2. Sel Langerhans yang terdapat di
lapisan epidermis
Sel ini bekerja mirip dengan
makrofag (memproses antigen sebelum disajikan ke limfosit / APC). Sel
langerhans memiliki beberapa mediator yang dihasilkan dalam memproses antigen
yaitu: sitokin (IL 1 dan IL 6), kemokin (IL8), dan lipid (prostaglandin A2,
leukotrien, dan platelet activating factor.
3. Reaksi inflamasi jika sudah menembus
ke daerah dermis (daerah dengan pembuluh darah).
Inflamasi terjadi jika sel
langerhans dan keratinisasi gagal dalam menghadapi mikroorganisme patogen,
sehingga akan datang bantuan dari mediator inflamasi seperti netrofil,
limfosit, komplemen, PMN, dan aktivasi faktor penghambat serum (serum
inhibitory factor) yang disebut proliferasi epidermis. Secara
umum, sebenarnya inflamasi itu adalah reaksi lokal yang diakibatkan oleh luka
pada kulit sebagai mekanisme pertahanan tubuh yang dipertahankan oleh kulit.
Komponen-komponen
Sistem Imun pada kulit antara lain :
1. Epidermis : Keratinosit → IL-1, IL-6, IL-10,
TGF-β, TNF-α
Melanosit → Pigmen
Sel Langerhans/sel Dendrik → APC
Sel T → CD-8
2. Dermis : Sel T → CD-4 dan CD-8
Makrofag
· Reaksi
imun di kulit
a. Hipersensitivitas
Cepat
i.
DitimbulkanIgE,
dapat menimbulkan anafilaksis, penyebab obat atau serangga.
ii.
IgE
ditemukan pada permukaan SL/SD pasien dermatitis atopi.
iii.
Diduga
ikatan Fc-R pd SL dengan IgE dapat mencetuskan inflamasi exim.
b.
Urtikaria,
jelatang, sering disebut sebagai gatal-gatal,
adalah jenis ruam kulit penting untuk pucat merah, mengangkat,
gatal benjolan. Hives mungkin juga menyebabkan rasa
terbakar atau menyengat, Hives sering disebabkan oleh
reaksi alergi. Namun, ada banyak penyebab alergi. Sebagian besar
kasus gatal-gatal yang berlangsung
kurang dari
enam minggu(urtikaria
akut) adalah hasil dari pemicu alergi.
Penyakit IgE kulit dibagi menjadi 2 : ada yang akut dan kronis. Urtikaria kronis(gatal-gatal
yang berlangsung lebih darienam minggu) jarang karena alergi.

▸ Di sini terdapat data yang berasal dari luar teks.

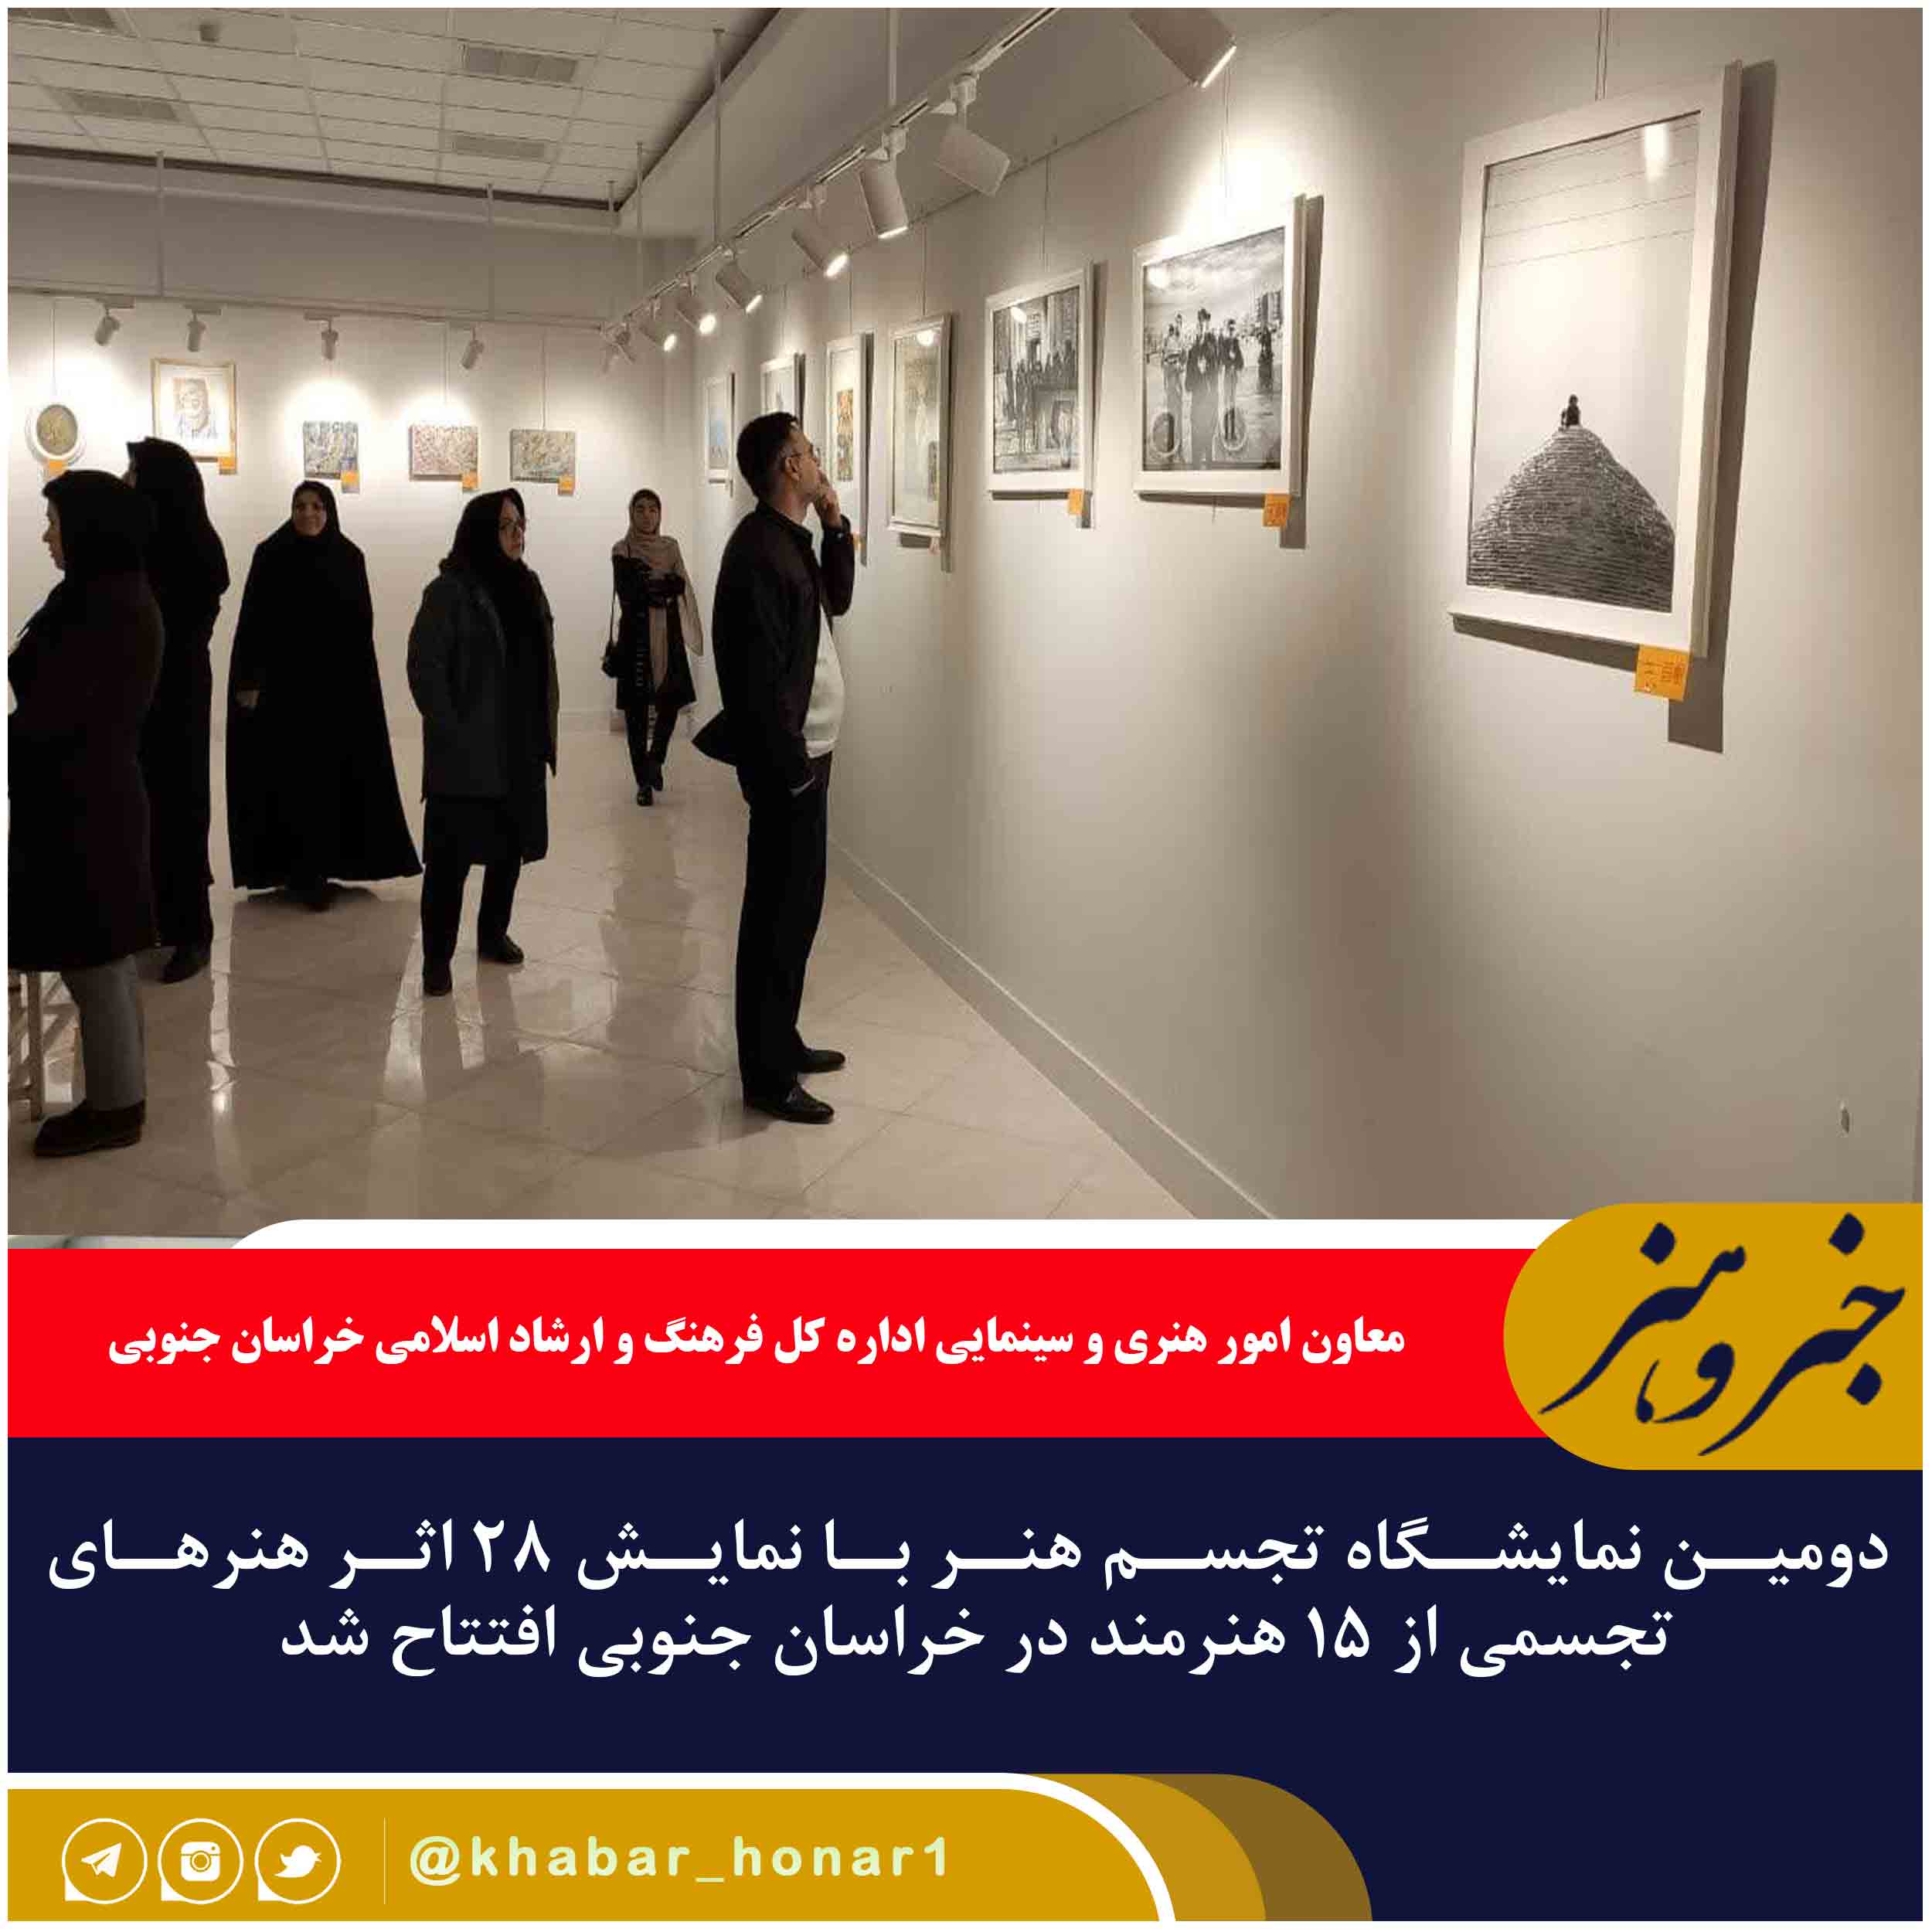 دومین نمایشگاه تجسم هنر با نمایش ۲۸ اثر هنرهای تجسمی از ۱۵ هنرمند در خراسان جنوبی افتتاح شد

Urtikaria kronik ditemukan 5-20%. Urtikaria terjadi melalui IgE, aktivasi
komplemen dan imunologik. Semua urtikaria memiliki gambaran yang sama diduga
karena degranulasi sel mast. Mayoritas kasus gatal-gatal kronis memiliki diketahui
(idiopathic) penyebab. Dalam
mungkin sebanyak 30 sampai 40%
pasien dengan urtikaria idiopatik kronis, hal itu
disebabkan oleh
reaksi autoimun.
Infeksi virus akut adalah penyebab umum
lain dari urtikaria akut (viral
exanthem). Kurang penyebab umum gatal-gatal termasuk gesekan,tekanan,
suhu ekstrim, olahraga, dan sinar
matahari.
c.
Reaksi sitotoksik terjadi karena
reaksi antibody dalam sirkulasi yang melibatkan komplemen.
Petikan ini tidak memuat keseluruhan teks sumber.